- [Action item]
Go through the listing below and write out exactly the lines from the one that mentions "Crispy Chicken Breast" through the one that mentions "Summer Goodies - Goodie", minus the pictures.

- [Data supplied]
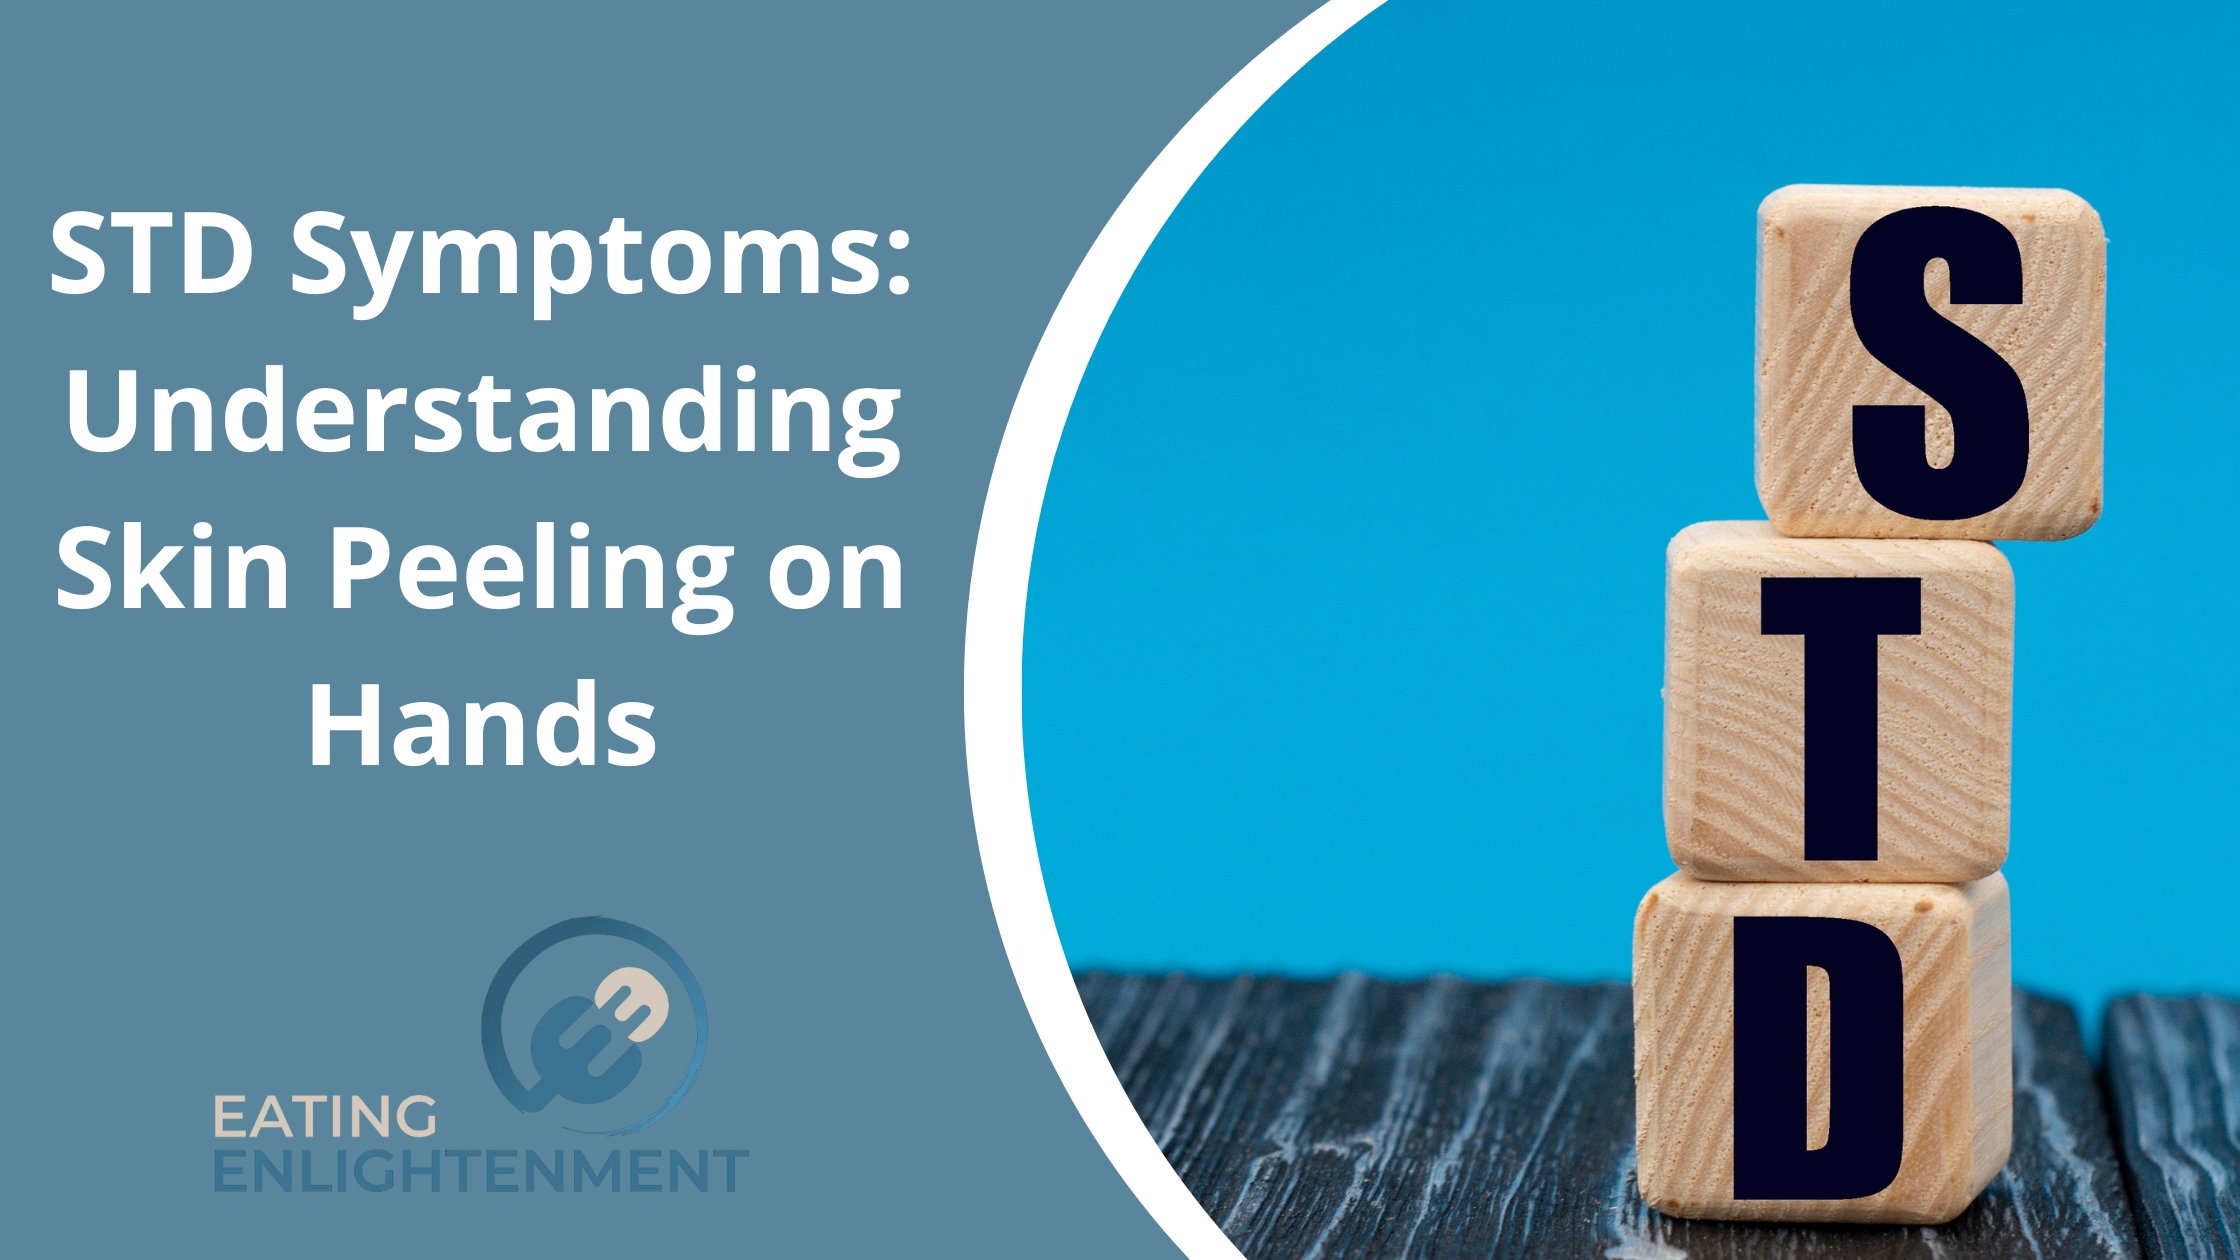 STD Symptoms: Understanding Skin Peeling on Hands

...

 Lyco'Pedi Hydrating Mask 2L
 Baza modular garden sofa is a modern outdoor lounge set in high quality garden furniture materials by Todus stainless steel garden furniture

---

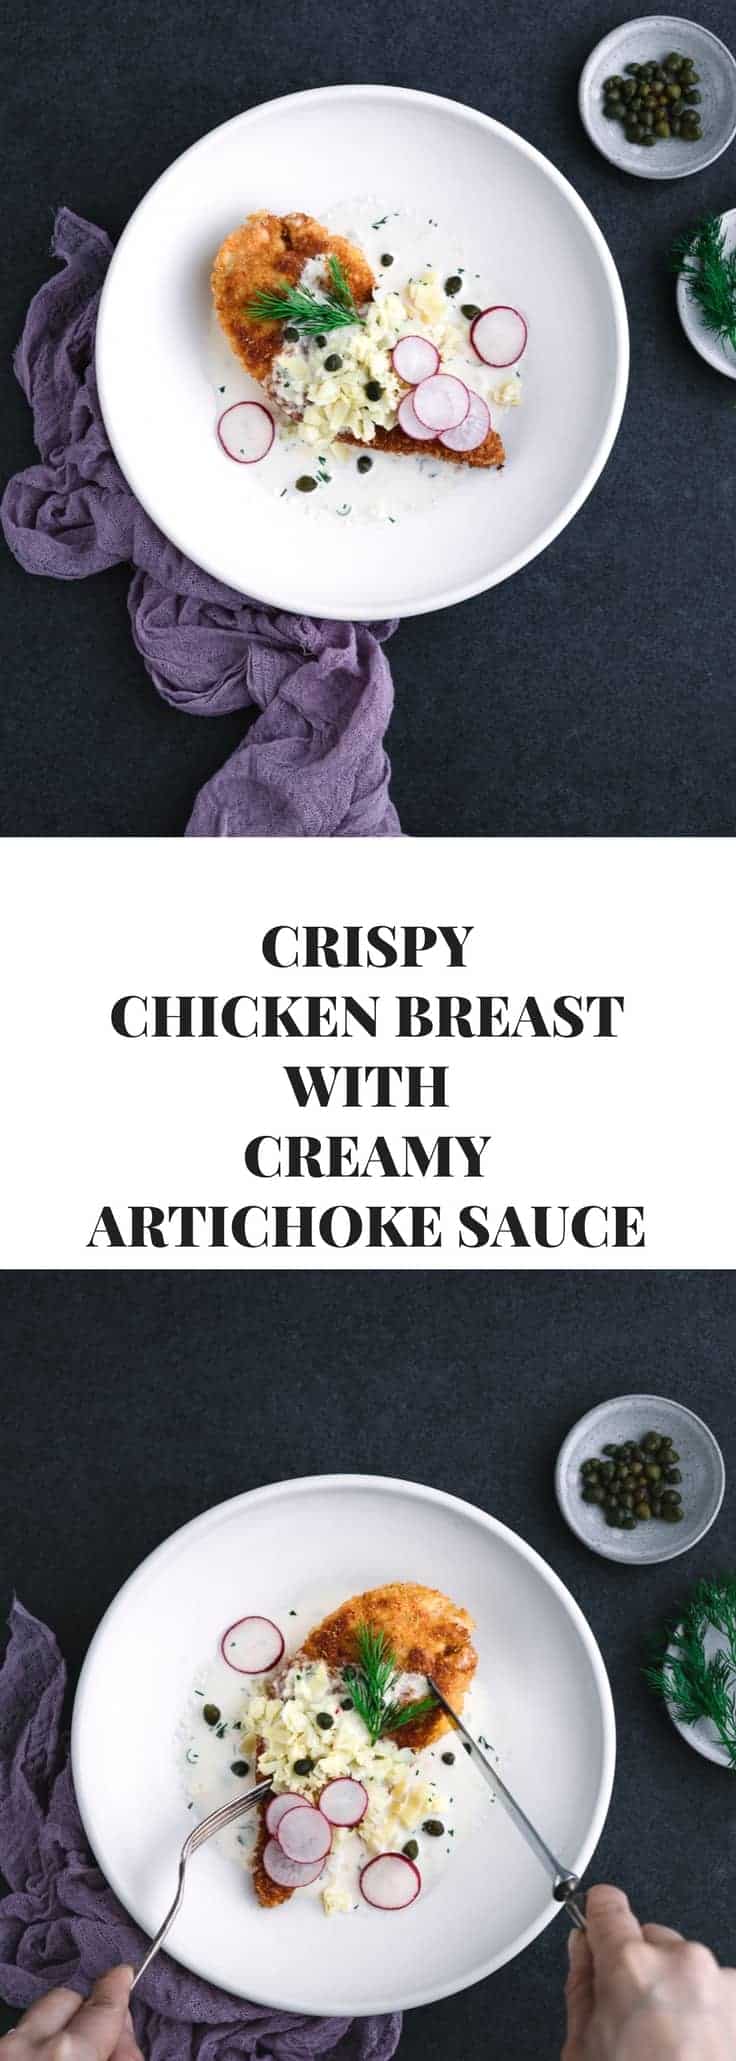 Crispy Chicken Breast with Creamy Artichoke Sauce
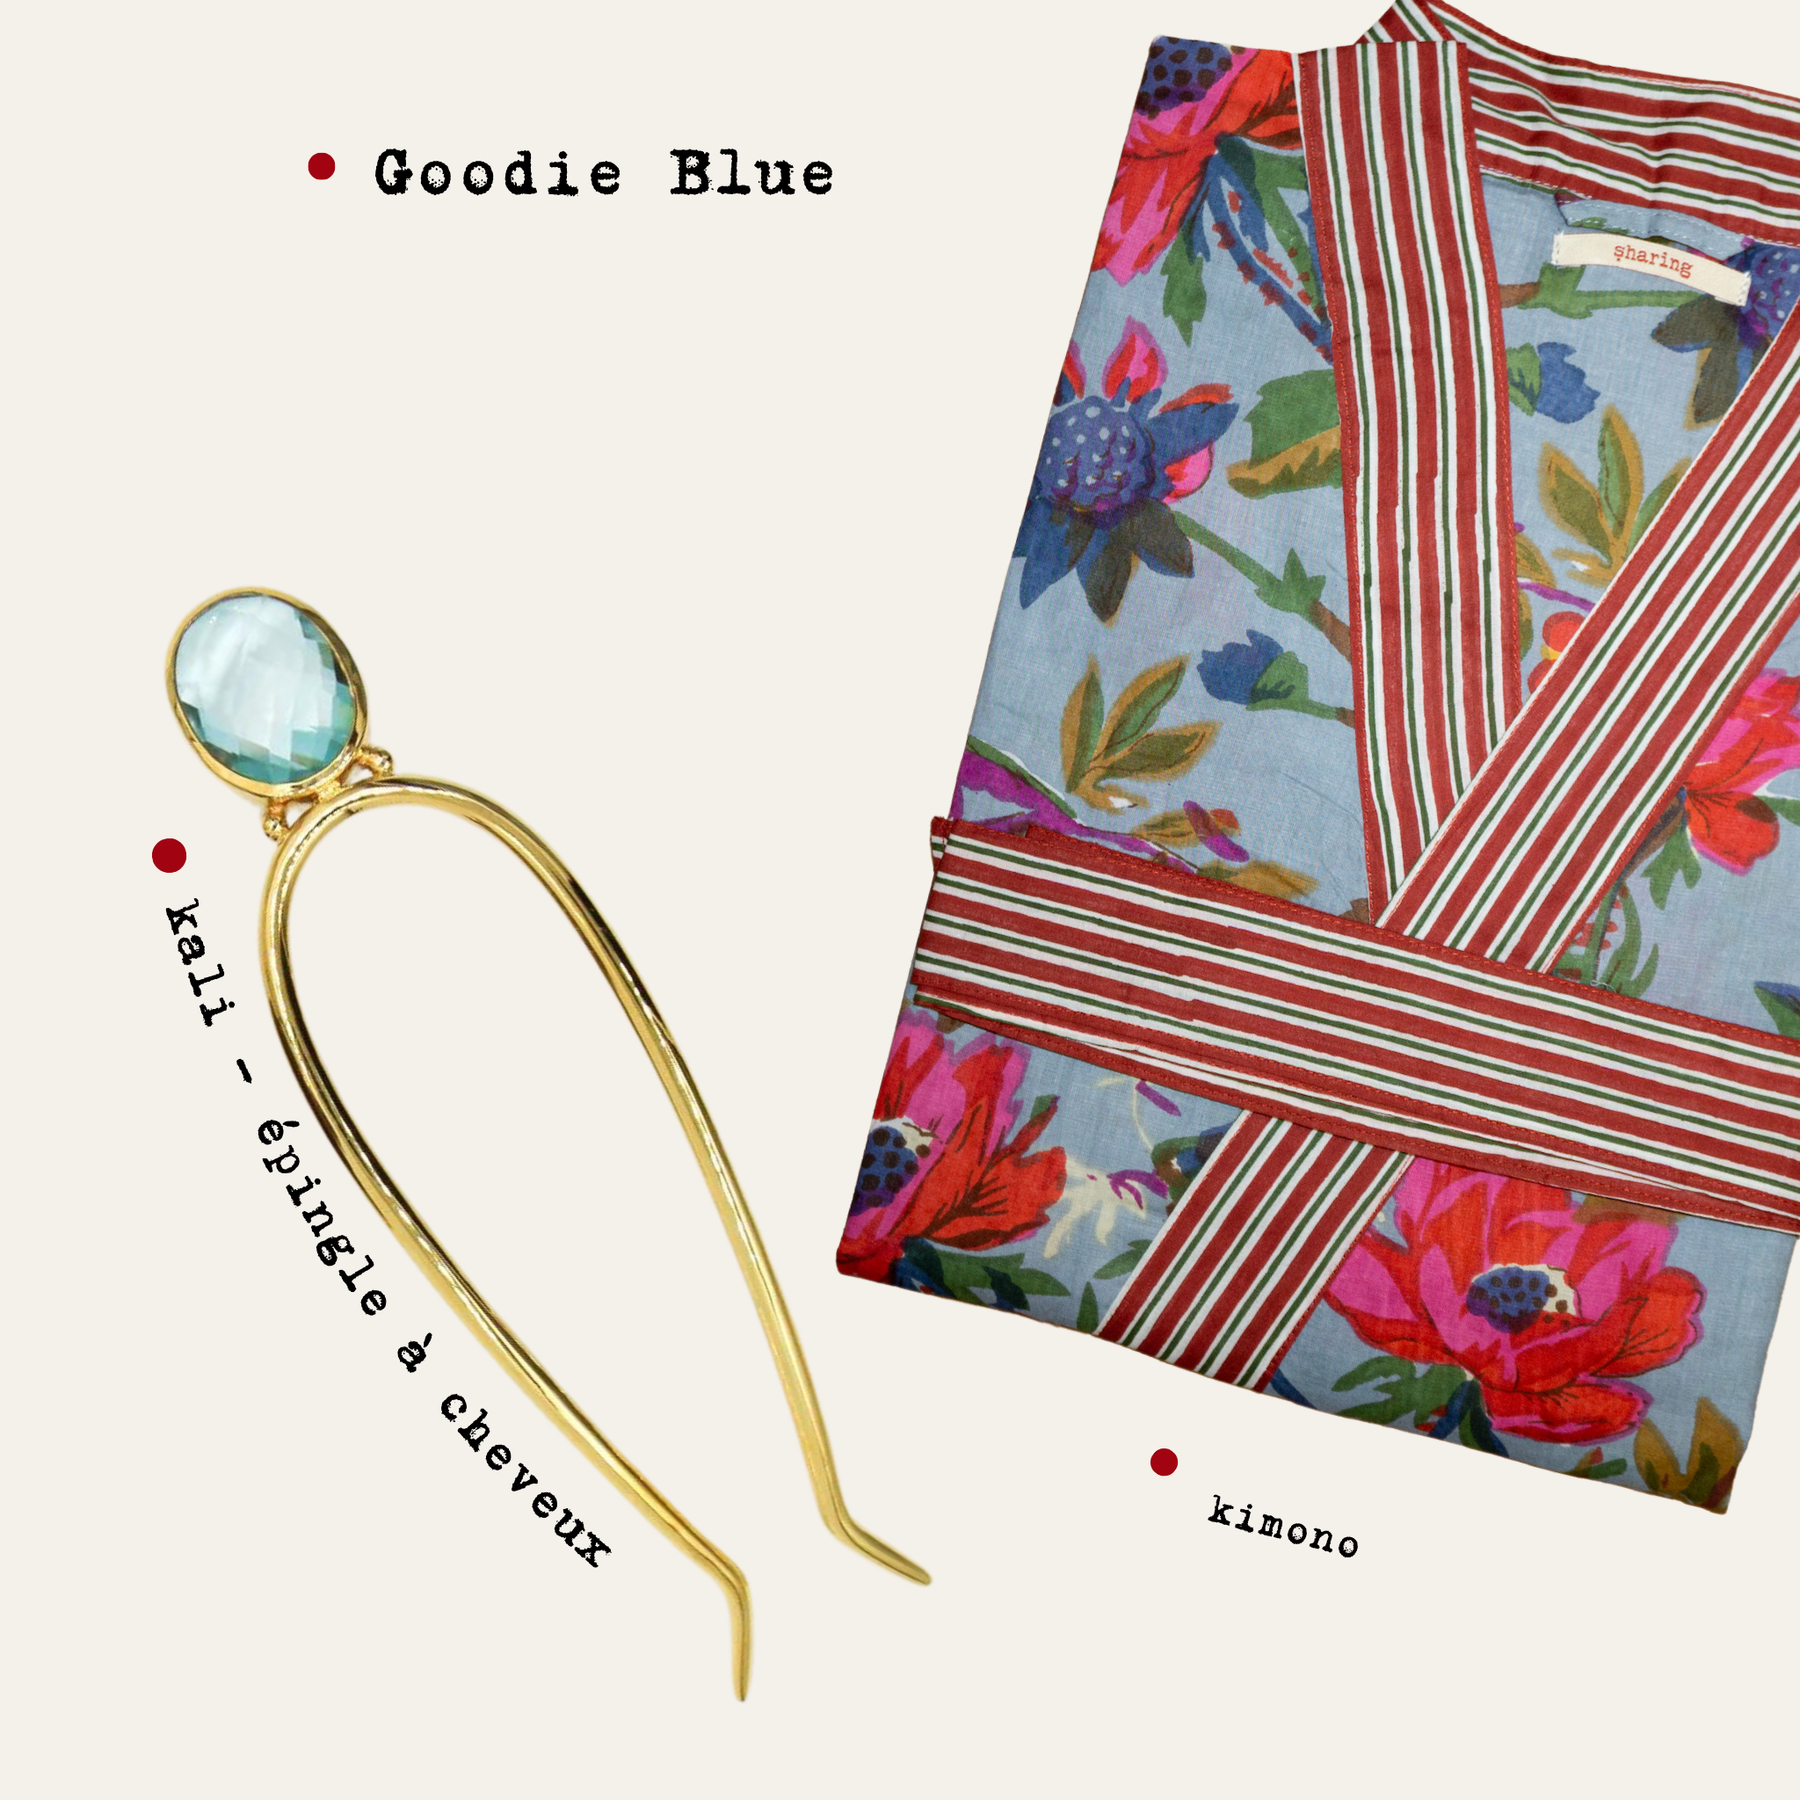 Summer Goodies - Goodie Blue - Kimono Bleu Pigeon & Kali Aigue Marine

- [Your solution]
 Crispy Chicken Breast with Creamy Artichoke Sauce
 Summer Goodies - Goodie Blue - Kimono Bleu Pigeon & Kali Aigue Marine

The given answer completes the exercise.